Emulsification of SO is an inherent problem. Emulsification is reported to occur as quickly as 1wk after the initial surgery[1].Although SO emulsification seems an inevitable postoperative complication of SO tamponading, it should be noted that earlier emulsification would be a negative effect for the vitreoretinal recovery. The ideal timing for SO emulsification is generally considered as more than three months after surgery.We should have some physic knowledge of SO emulsification at the current scenario. Dispersion of SO refers to the breaking up of large bubbles into the smaller ones. Emulsifications only occurs when surface tension of the droplets is reduced in the presence of surfactants. The potential surfactants include phospholipid, protein, lipoprotein. Therefore, the current study collected the general characteristics and specific factors into considerations, to find out the underlying factor related to the phenomenon of earlier SO emulsification. Finally, we found out that the Siluron 2000c (Gueder®; Fluoron GmbH; Ulm,Germany) SO was one independent factor related with earlier emulsification of SO. The underlying mechanism is warranted further investigations. Apart from that, other unusual but challenging complications of SO tamponade should be paid attention[20-22].

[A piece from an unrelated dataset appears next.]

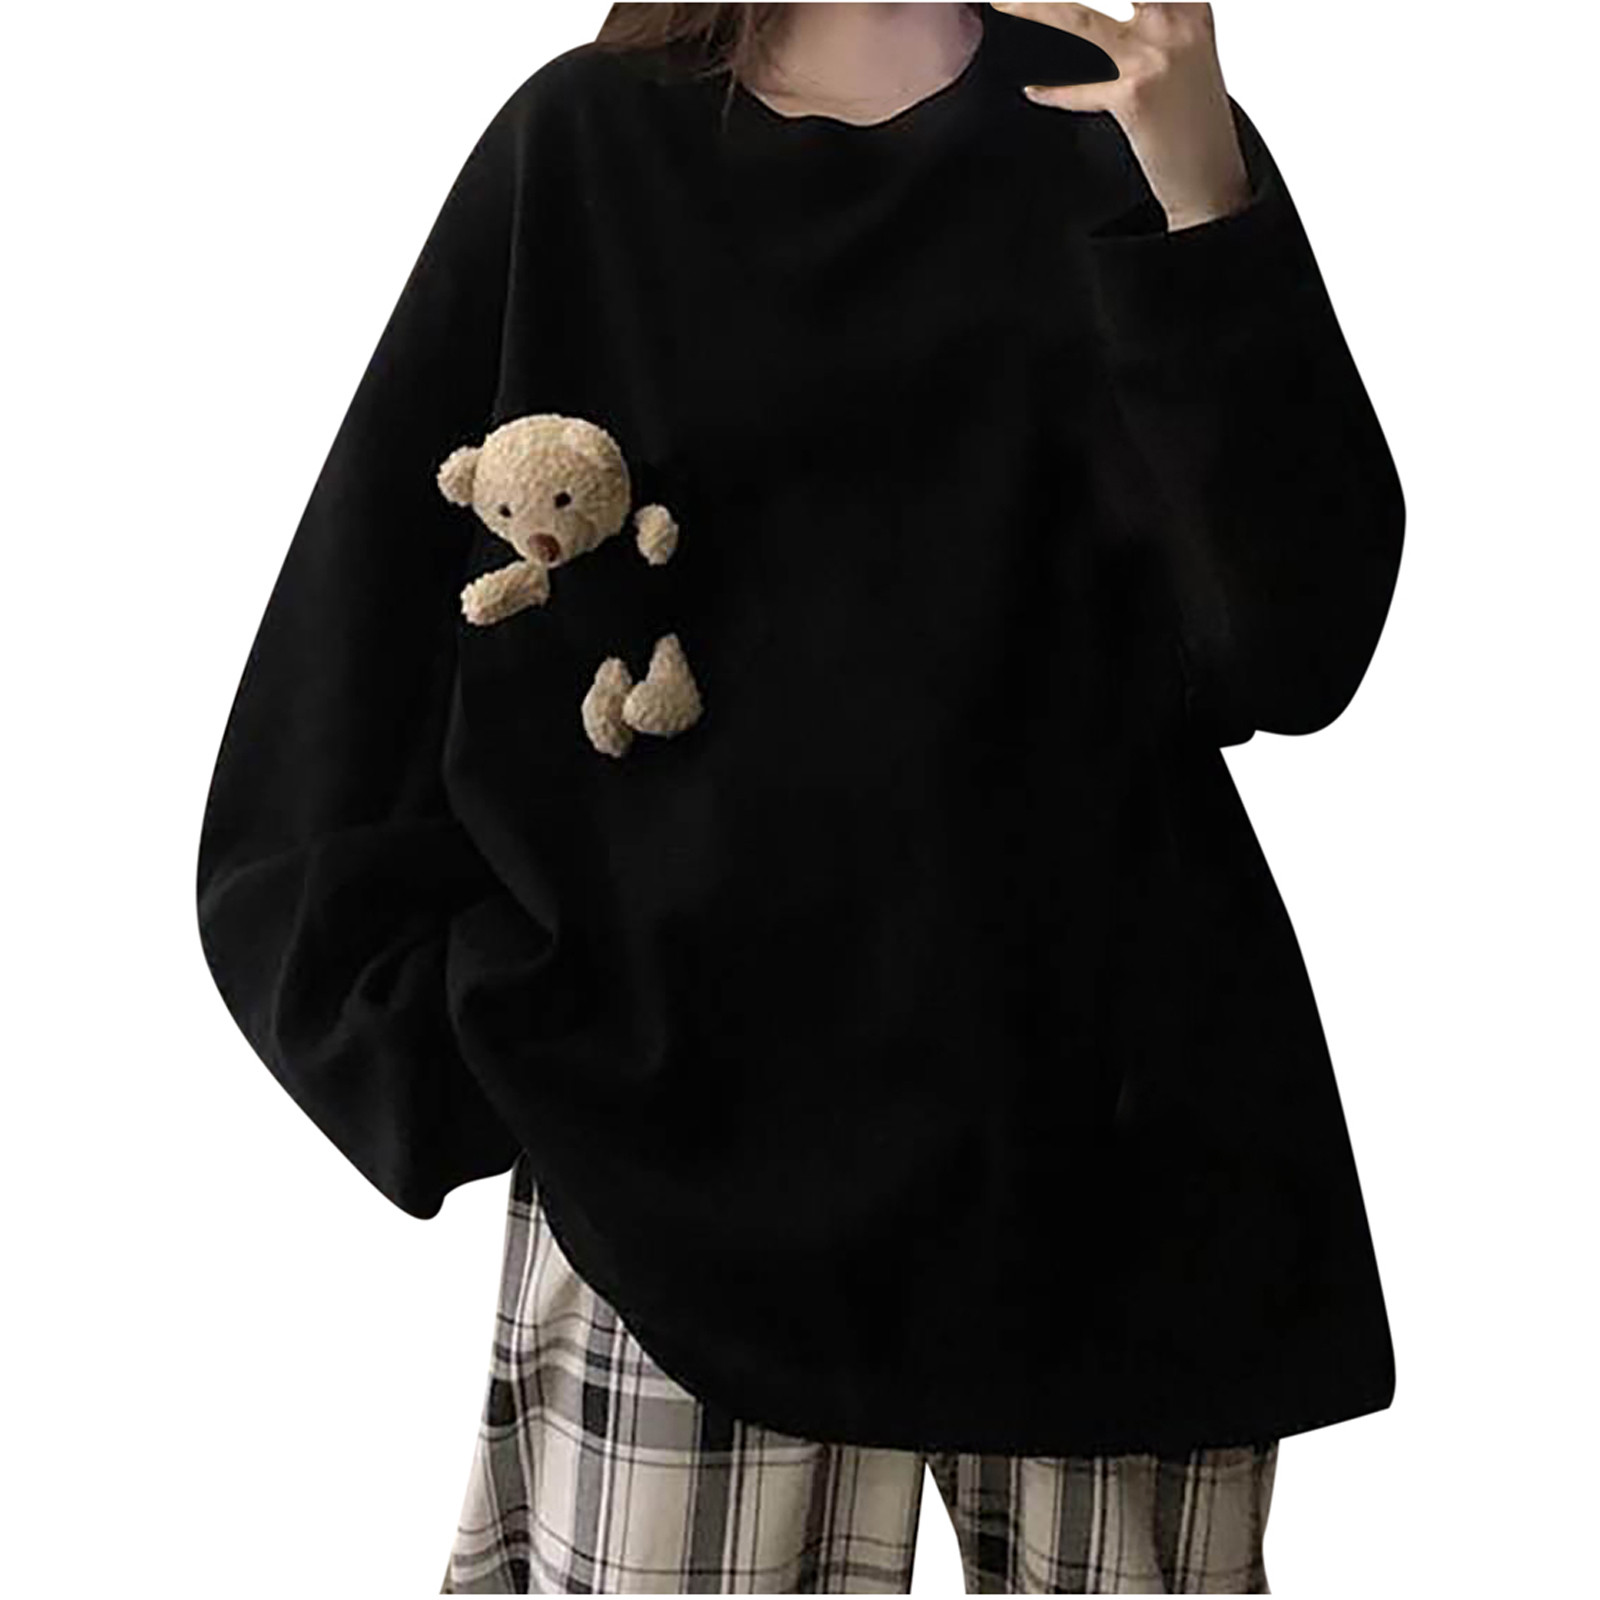 40# Women's Bear pocket Hoodies cute Spring Autumn Loose Wild Pullover Solid Bear Sweatshirt Hoodies Preppy Kawaii Sweatshirts

Although we have tried our best effort to find out the independent factor causing the unfavorable complication,there are several limitations of the current study should be acknowledged. As earlier emulsification of SO is a unfavorable condition, the current study could only be designed as a retrospective one. Prospective or randomized design was not acceptable at that scenario. It would not be highly convincing to have the conclusion that one specific type of SO was directly correlated with earlier emulsification of SO in the current study, due to the known limitations of the current study.

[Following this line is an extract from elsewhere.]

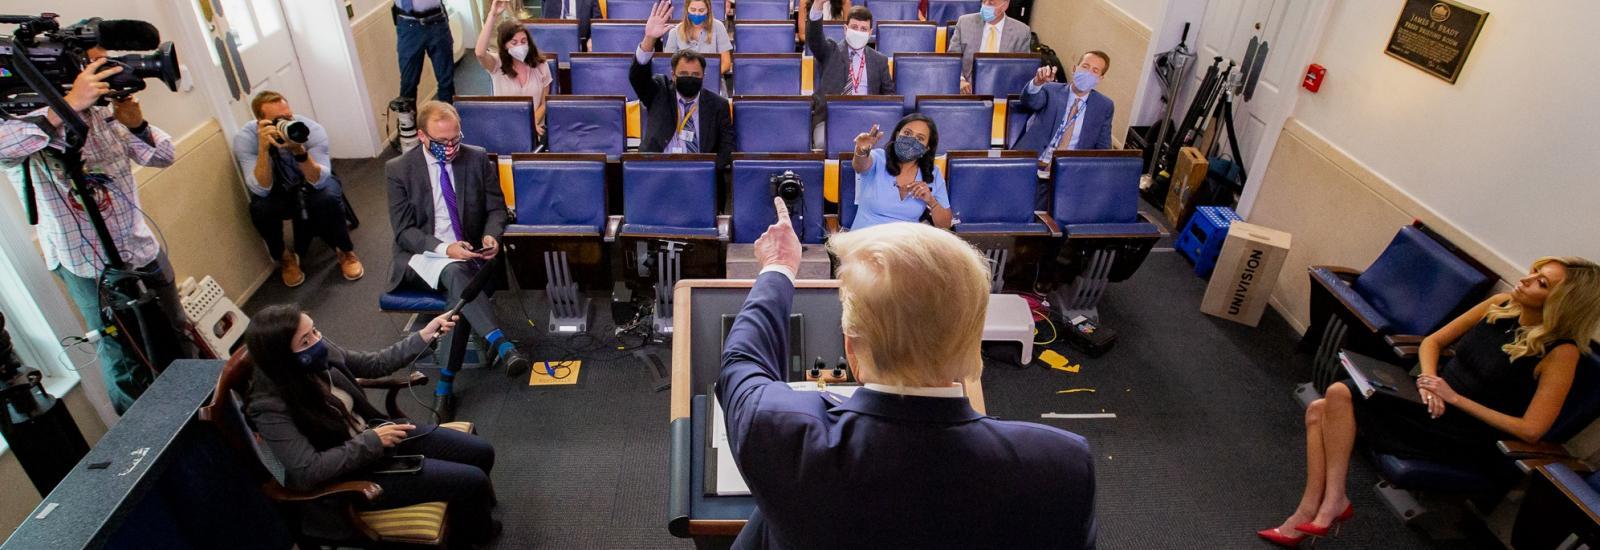 © Official White House Photo by Shealah Craighead

In conclusion, the current study revealed that the Siluron 2000c (Gueder®; Fluoron GmbH; Ulm, Germany) SO is the independent significant factor related to earlier SO emulsification in our hospital. The application of it has be paused after we observed this unusual phenomenon. We are looking forwards to a multi-center analysis of different brands and types of SO to have better conclusion of the factors related to earlier emulsification of SO.
ACKNOWLEDGEMENTS
Conflicts of Interest: Ni Y, None; Fang H, None; Zhang X,None; Lin XF, None; Guo WJ, None.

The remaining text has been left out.